I enjoy Berlant’s holistic view of trauma and the crisis
ordinary, as not just singular events but rather formative moments with many
reverberations. However her definition loses me in the details when she begins
to elaborate all the ways which a so called “traumatic event” can shape a person
affectively – her definition of trauma seems almost too encompassing, leaving
few event which couldn’t be called some sort of trauma. In a way she concedes
this in her segue into the topic; “when one views the physical and
neurophysical qualities of what a medical person might call “trauma”, when
encountered, The event called traumatic turns out mainly to be one genre of
explanation for a situation without genre” (Berlant, 80). But then her whole
analysis of this term she has unhinged from it’s generic definitions is fraught
with contradictions “those things we call traumatic events do not always induce
traumatic responses” (Berlant, 81); perhaps her definition of trauma is the
inverse of her view intuition as a manifestation of the historical present,
moments when this intuition fails so drastically that “Trauma forces it’s
subjects… into crisis mode, where they develop some broad, enduring intuitions
about the way we live in a now that’s emerging without unfolding” (Berlant, 93).
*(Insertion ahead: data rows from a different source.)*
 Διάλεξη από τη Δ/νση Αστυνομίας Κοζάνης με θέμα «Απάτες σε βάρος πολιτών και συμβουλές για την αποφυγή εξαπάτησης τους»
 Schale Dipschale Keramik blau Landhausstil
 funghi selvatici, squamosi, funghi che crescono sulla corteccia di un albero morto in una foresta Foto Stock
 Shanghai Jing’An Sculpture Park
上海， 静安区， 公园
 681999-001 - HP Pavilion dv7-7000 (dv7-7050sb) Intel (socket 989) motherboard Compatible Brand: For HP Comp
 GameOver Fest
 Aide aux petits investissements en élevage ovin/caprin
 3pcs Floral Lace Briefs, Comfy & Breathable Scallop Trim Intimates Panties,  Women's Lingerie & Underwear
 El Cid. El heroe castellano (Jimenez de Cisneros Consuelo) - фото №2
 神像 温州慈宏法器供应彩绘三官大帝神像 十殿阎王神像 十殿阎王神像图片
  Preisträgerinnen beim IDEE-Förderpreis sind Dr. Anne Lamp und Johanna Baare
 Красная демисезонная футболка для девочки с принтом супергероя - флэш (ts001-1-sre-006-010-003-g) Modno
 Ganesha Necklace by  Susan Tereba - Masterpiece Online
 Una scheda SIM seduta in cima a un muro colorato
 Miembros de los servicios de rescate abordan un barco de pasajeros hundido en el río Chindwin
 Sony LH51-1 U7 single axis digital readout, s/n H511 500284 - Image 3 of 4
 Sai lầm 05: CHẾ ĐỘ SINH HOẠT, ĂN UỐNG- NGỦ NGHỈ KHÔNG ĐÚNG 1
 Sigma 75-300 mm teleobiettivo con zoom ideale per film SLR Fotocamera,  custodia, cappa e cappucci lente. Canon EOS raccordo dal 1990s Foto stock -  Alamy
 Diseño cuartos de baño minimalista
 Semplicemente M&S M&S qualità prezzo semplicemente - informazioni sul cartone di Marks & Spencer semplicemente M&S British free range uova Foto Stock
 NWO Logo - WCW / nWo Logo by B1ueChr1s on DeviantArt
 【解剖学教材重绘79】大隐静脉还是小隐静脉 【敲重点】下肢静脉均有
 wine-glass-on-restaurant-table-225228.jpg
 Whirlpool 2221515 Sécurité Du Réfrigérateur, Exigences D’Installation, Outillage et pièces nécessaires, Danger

I also see a contradiction when she says “Trauma
after all does not make experiencing the historical present impossible, but
possible… in the sense that trauma shatters the biostory that was a foundation
for what gets taken for granted about life’s historical self-continuity”
(Berlant, 81) doesn’t Lauren view the historical present as this life’s historical
self-continuity, or is trauma the event which preconsciously forces a body to
question their previously conscious assumptions. Perhaps I am misreading this
passage but it seems to create a definition which seems promising but sputters
out in it’s continuous fracturing into further and further micro crisises.